Today we'll be looking at sorting and reducing an array of a complex data type. I'm using Databricks to do Spark, but I'm sure the code is compatible. I'll be using Spark SQL to show the steps. I've tried to keep the data as simple as possible. The example should apply to scenarios that are more complex. I'll be using Spark SQL functions to show what happens, at the end I have a PySpark example of the code.

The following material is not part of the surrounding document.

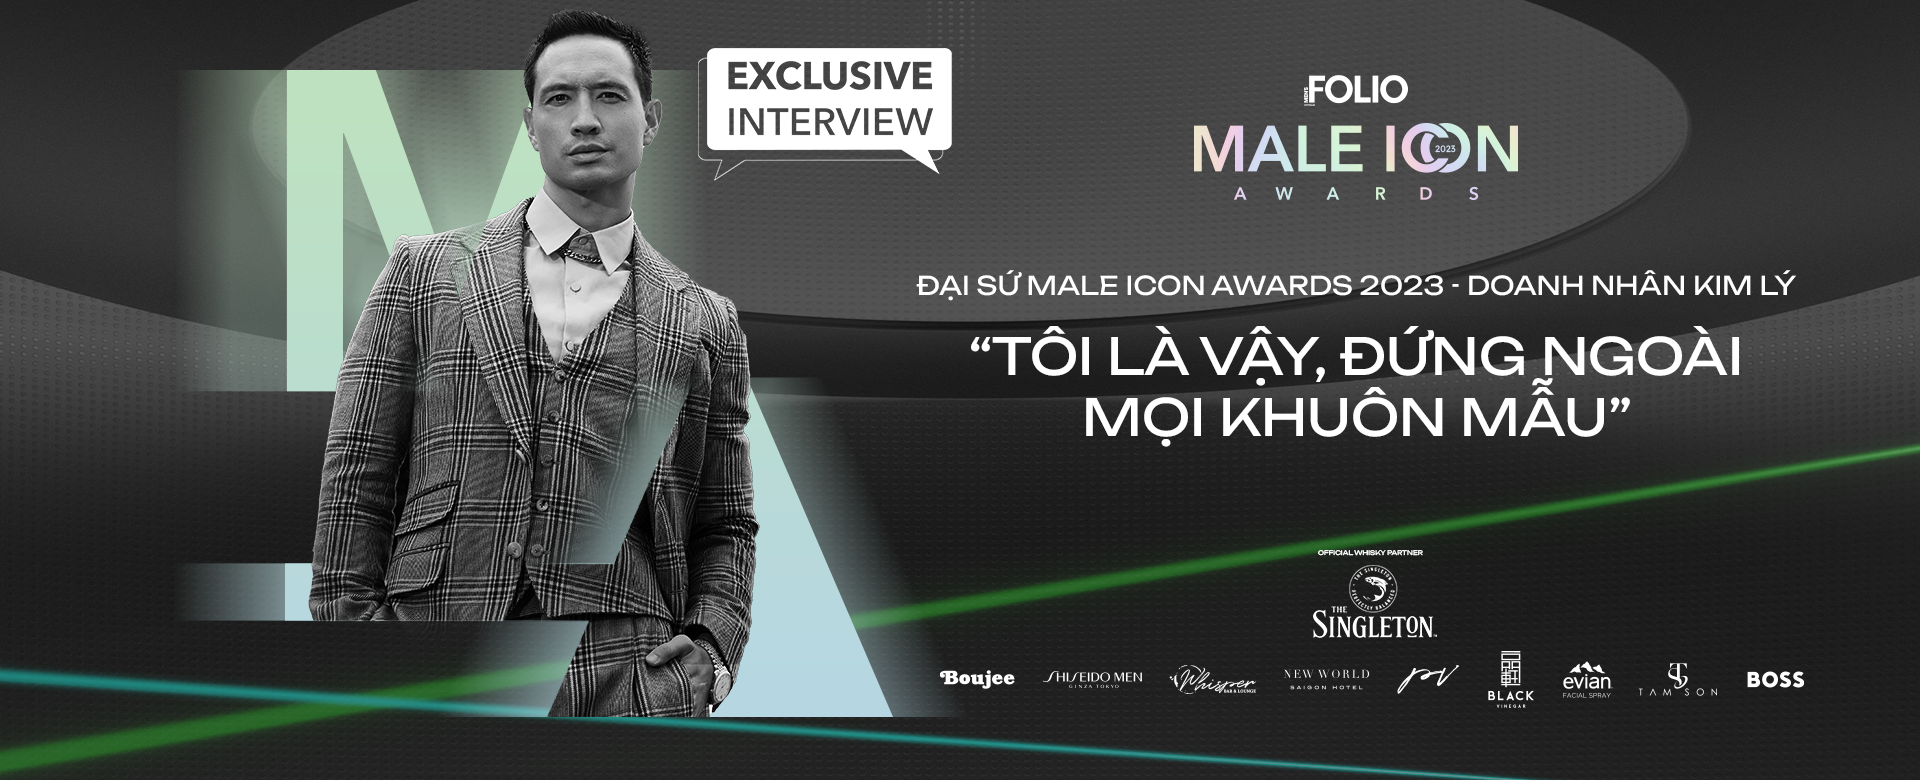 Đại sứ Male Icon Awards 2023 – Doanh nhân Kim Lý: “Tôi là vậy, đứng ngoài mọi khuôn mẫu”

Big shout-out to Jesse Bouwman for the collaboration.
Sample data
I'll be working on the following sample:
+---------+---------+--------+
|sessionId|articleId|sequence|
+---------+---------+--------+
| 39582930| 467323| 2|
| 56438837| 765645| 3|
| 56438837| 484482| 1|
| 39582930| 948521| 4|
| 87466464| 485756| 1|
| 74755638| 984755| 2|
| 56438837| 128842| 4|
| 56438837| 475532| 2|
| 74755638| 354461| 1|
| 39582930| 127333| 3|
| 39582930| 484482| 1|
+---------+---------+--------+
You can recreate the data by this Python code:
from pyspark.sql.functions import *
from pyspark.sql.types import *
from pyspark.sql import *
import pyspark
data_df = spark.createDataFrame([
Row(sessionId=39582930, articleId=467323, sequence=2),
Row(sessionId=56438837, articleId=765645, sequence=3),
Row(sessionId=56438837, articleId=484482, sequence=1),
Row(sessionId=39582930, articleId=948521, sequence=4),
Row(sessionId=87466464, articleId=485756, sequence=1),
Row(sessionId=74755638, articleId=984755, sequence=2),
Row(sessionId=56438837, articleId=128842, sequence=4),
Row(sessionId=56438837, articleId=475532, sequence=2),
Row(sessionId=74755638, articleId=354461, sequence=1),
Row(sessionId=39582930, articleId=127333, sequence=3),
Row(sessionId=39582930, articleId=484482, sequence=1),
])
# if we don't use this, the data is somehow sorted differently
views_df = data_df.select('sessionId', 'articleId', 'sequence')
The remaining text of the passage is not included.